Effect of the TiO2 crystal structure on the activity of TiO2-supported platinum catalysts for ammonia synthesis via the NO–CO–H2O reaction

Abstract

Selective formation of NH3, a potential hydrogen carrier for renewable energy applications, by means of the NO–CO–H2O reaction over TiO2-supported Pt catalysts was investigated as a way to recover NOx species emitted from combustion processes. All of the tested Pt/TiO2 catalysts showed almost complete conversion of NO to NH3 at temperatures >250 °C; but at temperatures <200 °C, the activity of Pt supported on anatase TiO2 was higher than the activities of Pt on rutile TiO2 or a mixture of anatase and rutile TiO2. Transmission electron microscopy revealed that the Pt particle size on anatase TiO2 was smaller than that on rutile TiO2. Temperature-programed reduction by hydrogen revealed that Pt interacted with the anatase TiO2 support but not with the rutile TiO2 support.
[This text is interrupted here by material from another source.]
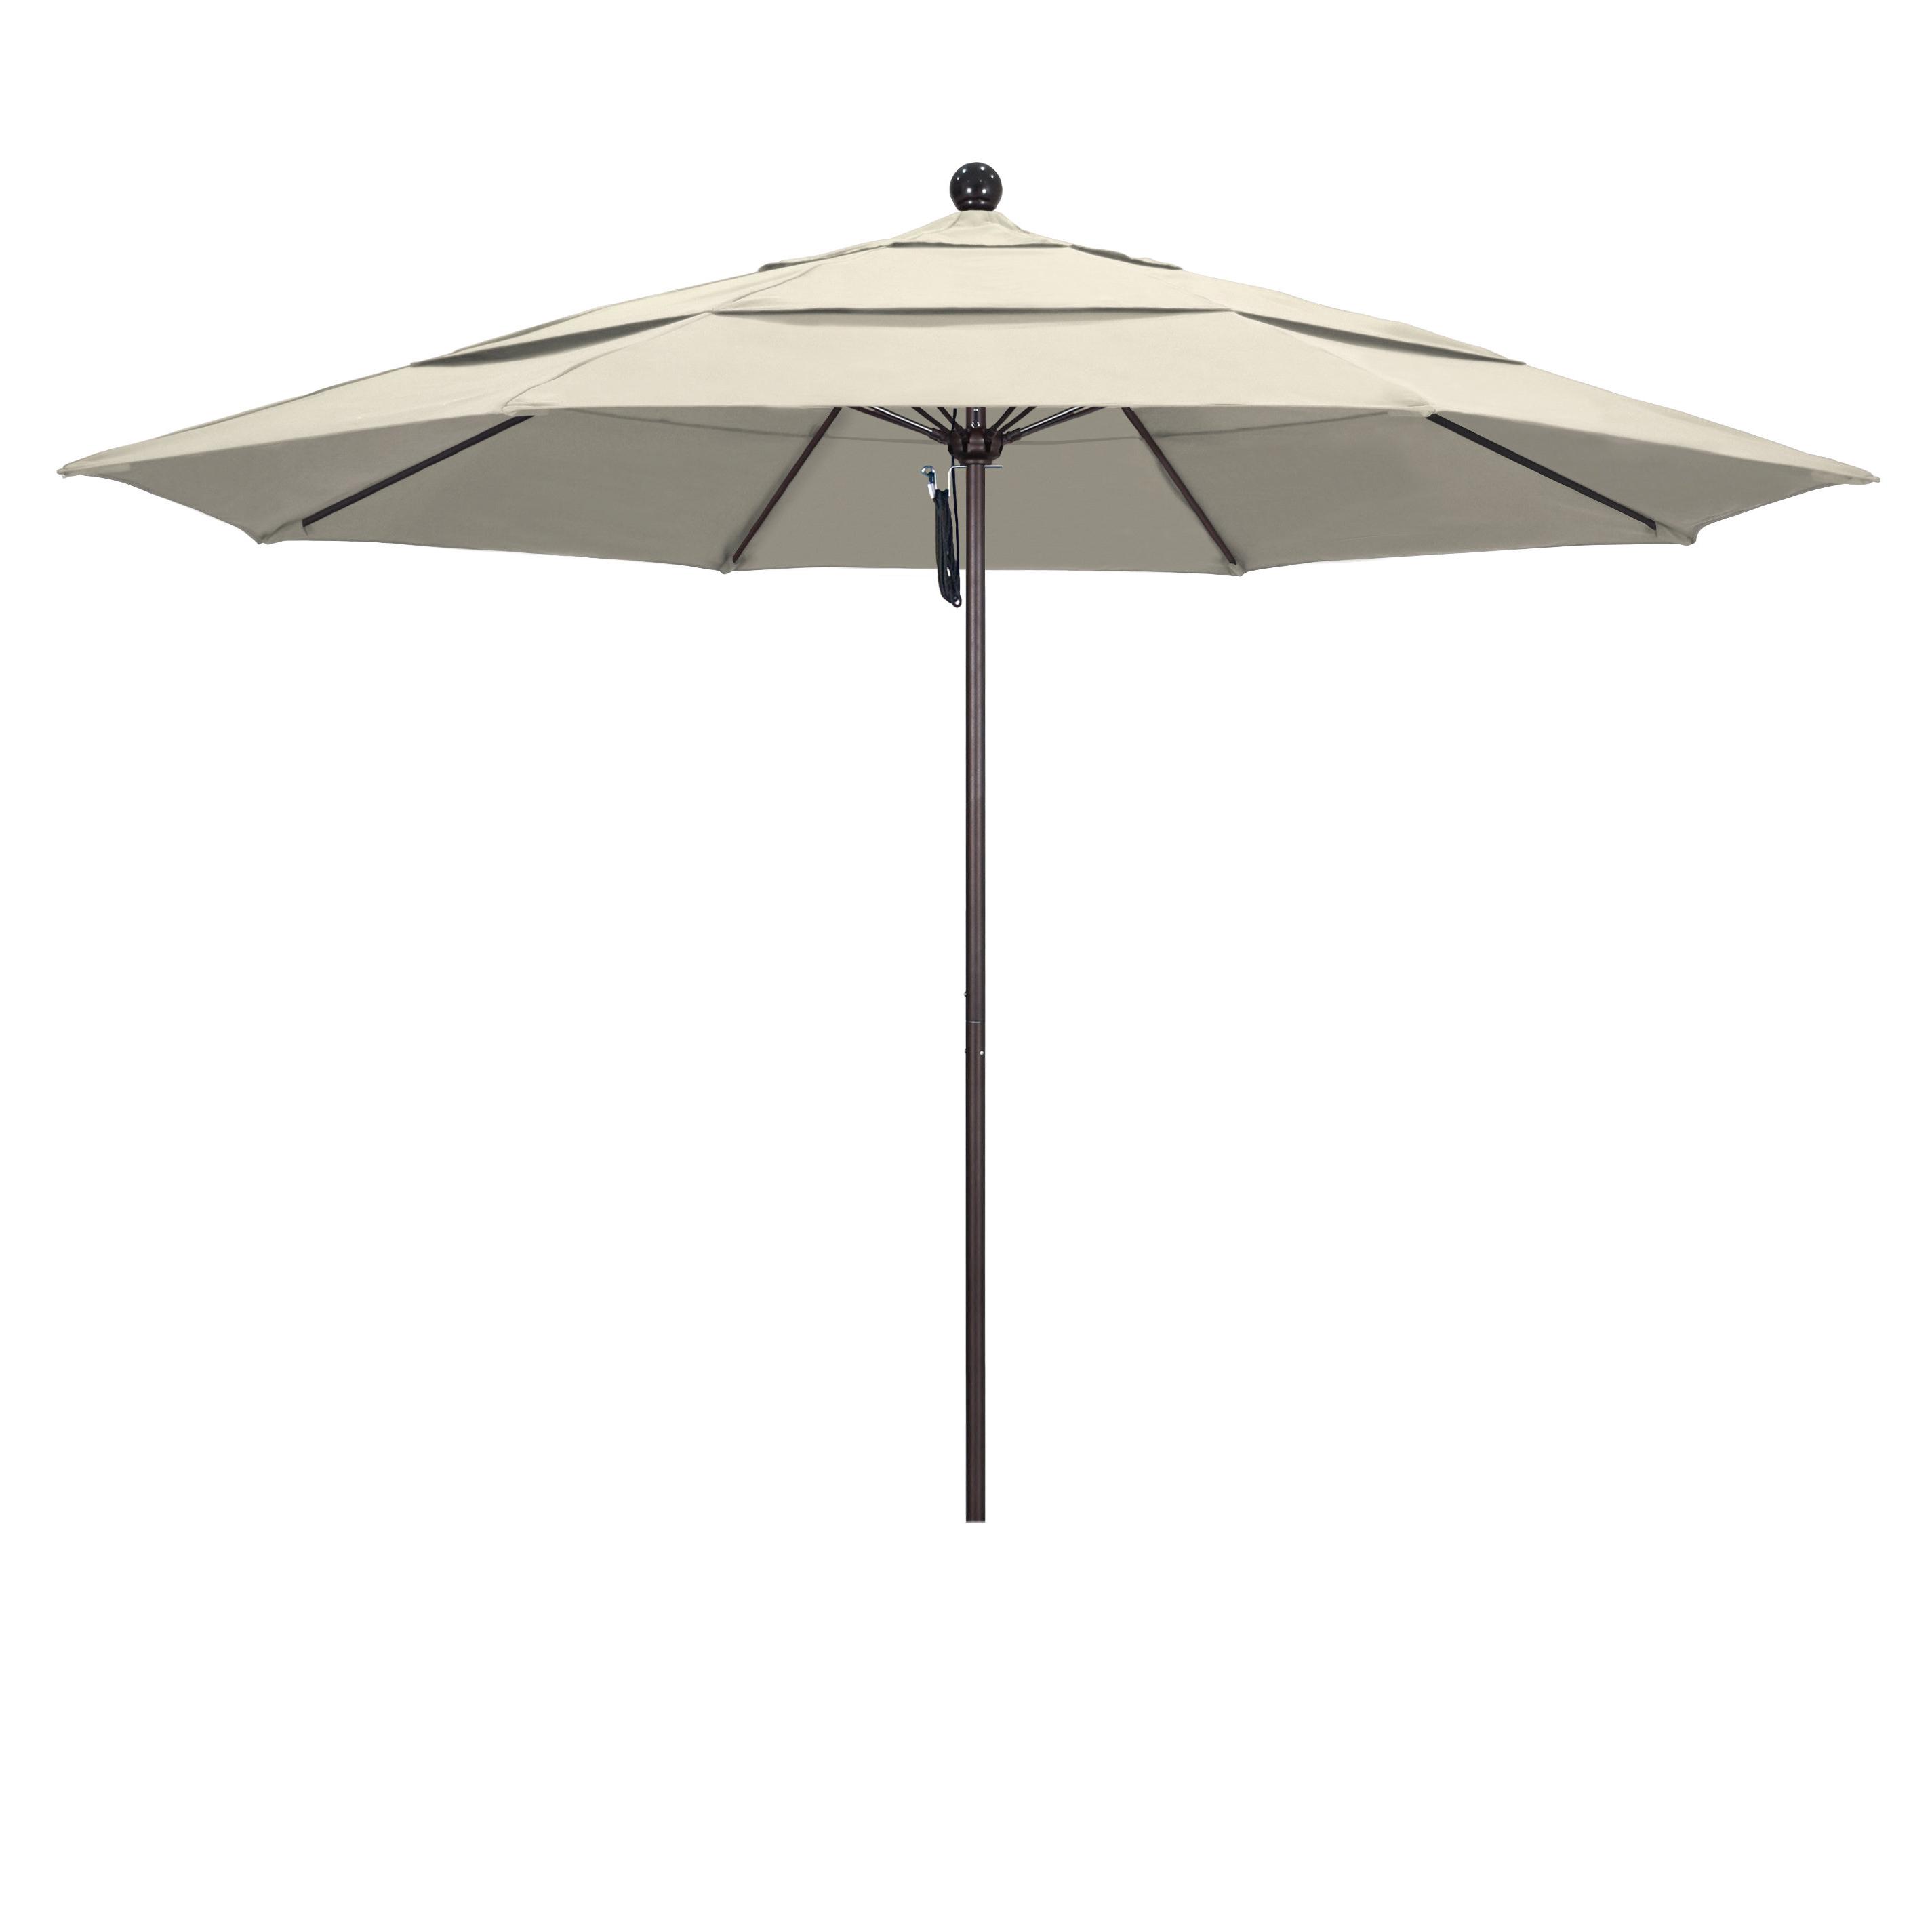 Duxbury 11' Market Umbrella In Latest Caravelle Market Sunbrella Umbrellas (View 10 of 20)
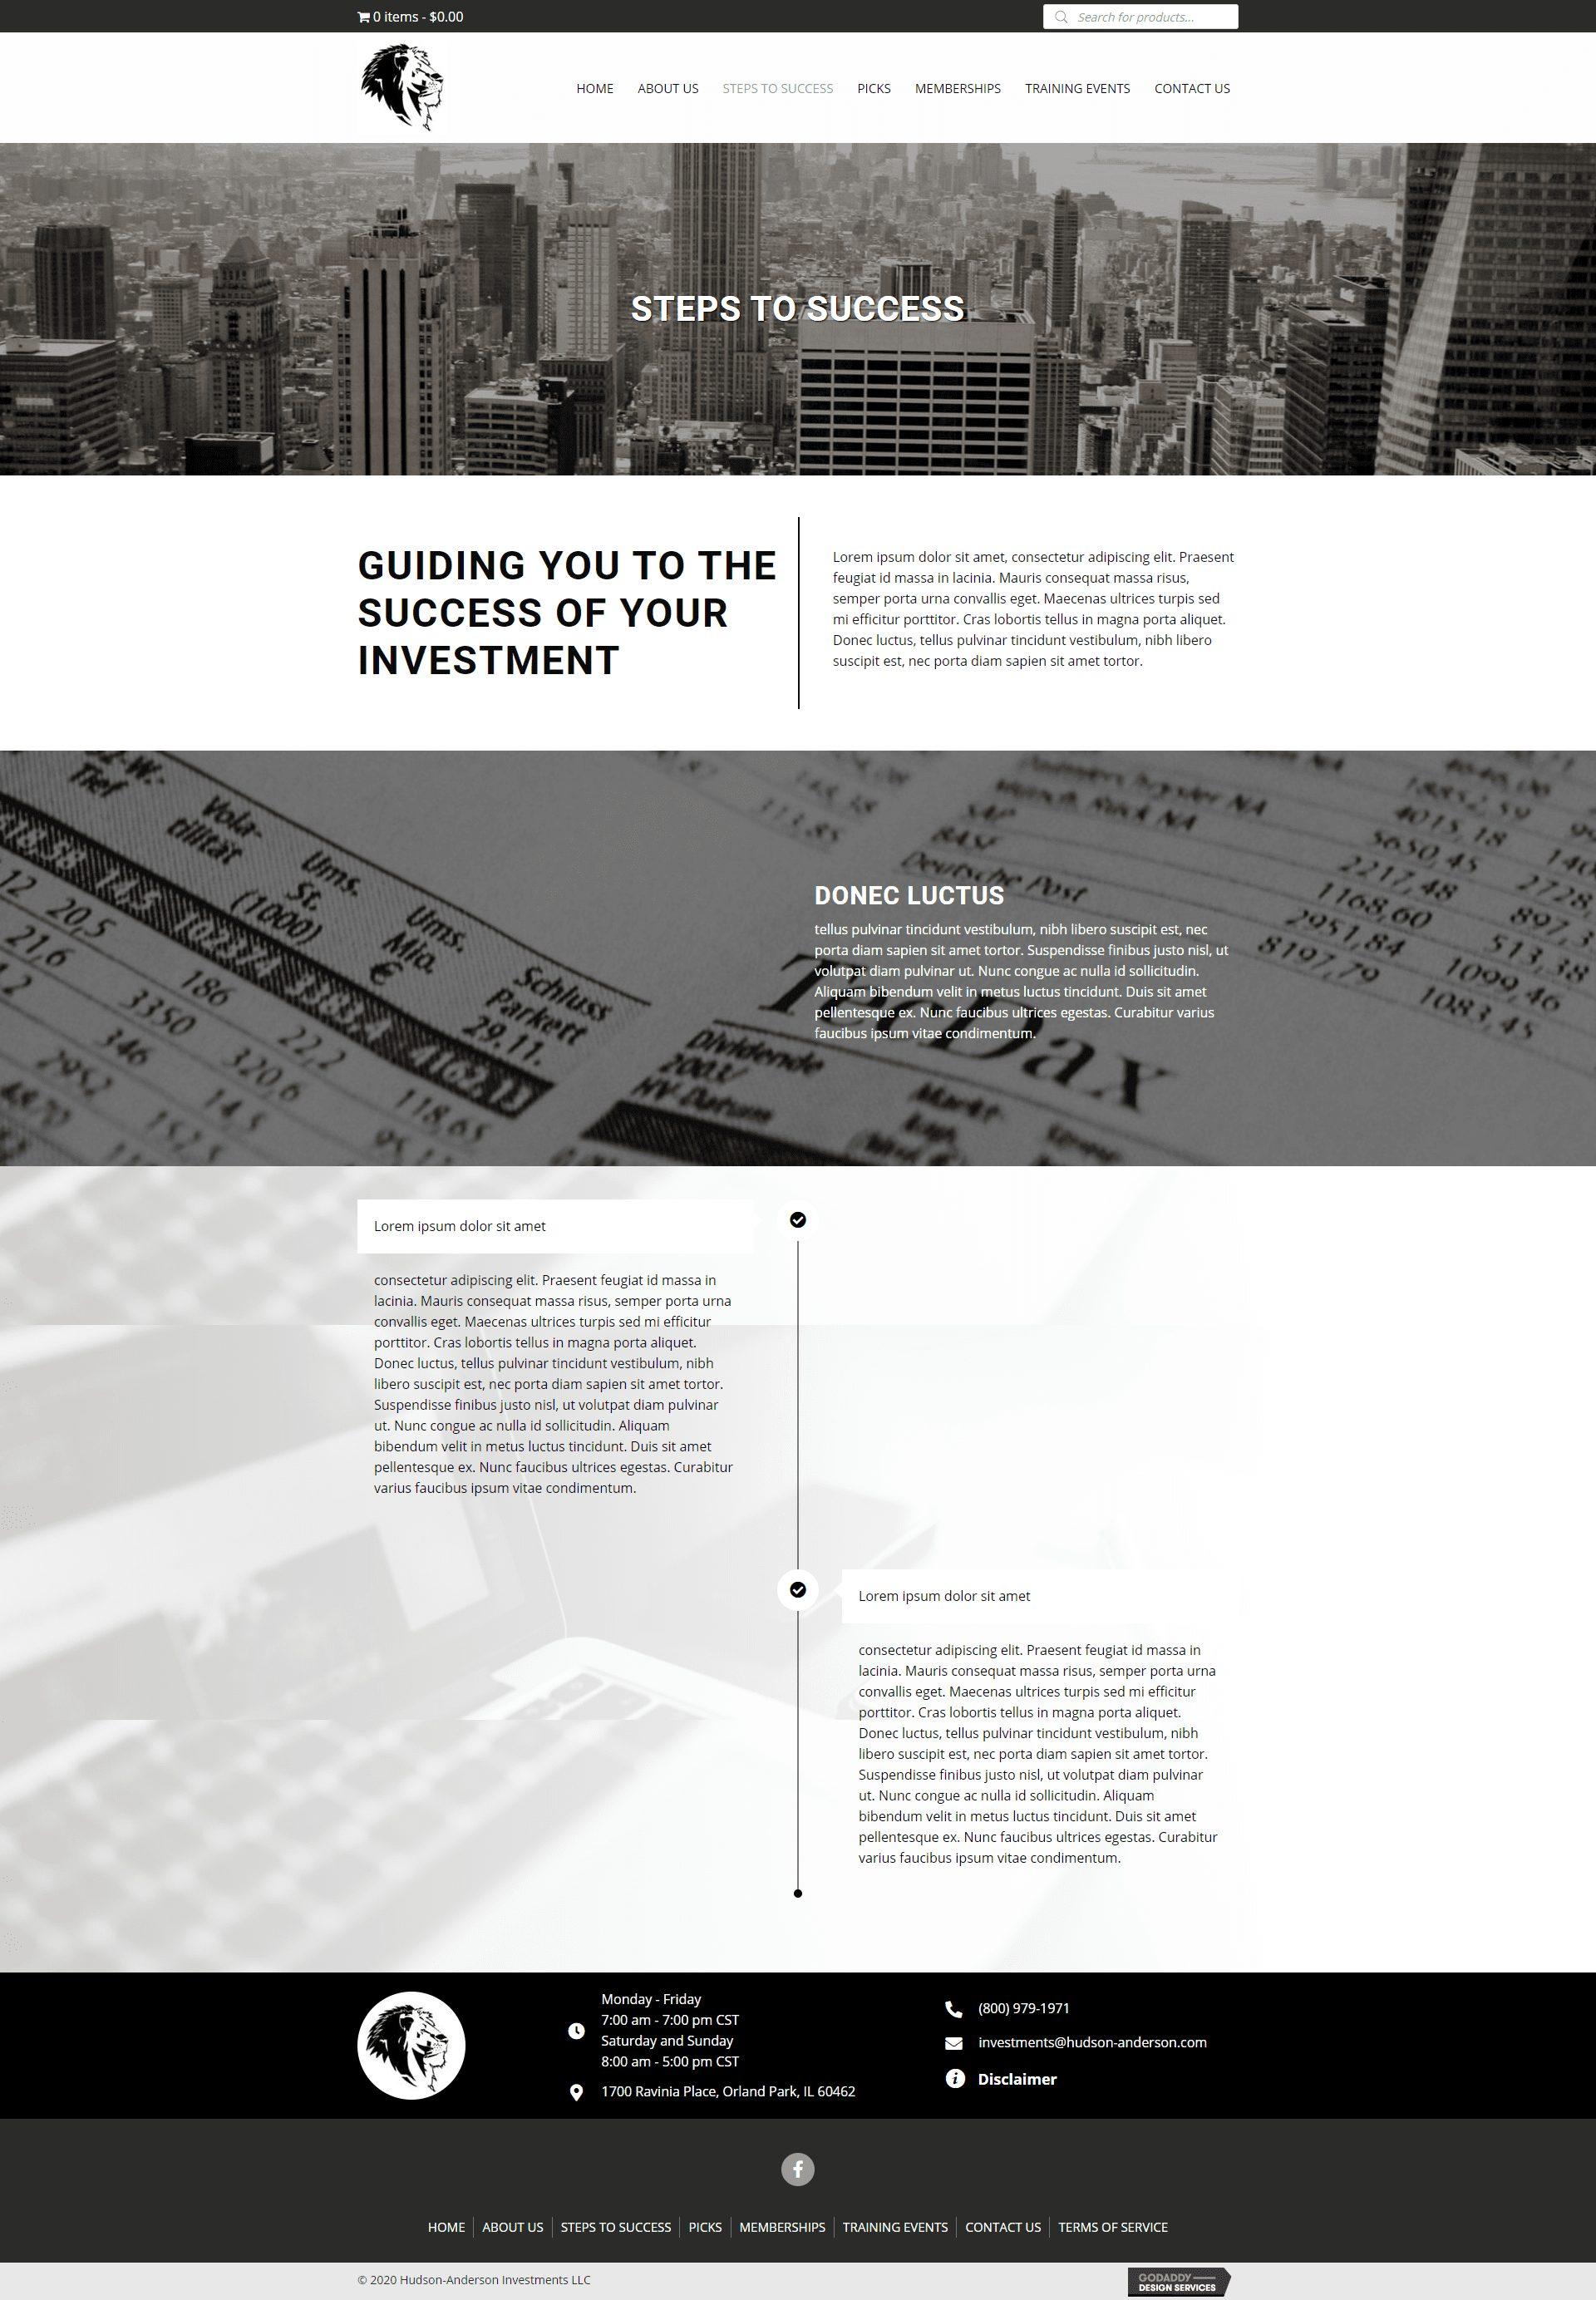 screencapture-e17-49e-myftpupload-steps-to-success

Diffuse reflectance infrared Fourier transform spectroscopy and measurements of kinetic parameters revealed that the CO adsorption behavior and the activity of hydrogen supply from H2O depended on the support. Specifically, Pt supported on anatase TiO2 retained the adsorbed CO at temperatures up to 200 °C, and the reaction orders with respect to CO and H2O were −0.06 and 0.39, respectively. In contrast, Pt supported on rutile TiO2 desorbed CO below 200 °C, and the reaction orders with respect to CO and H2O were −0.57 and 0.03, respectively. The difference of the catalytic activity at low temperature between Pt/TiO2(A) and Pt/TiO2(R) is due to the difference of the reactivity of CO and H2O.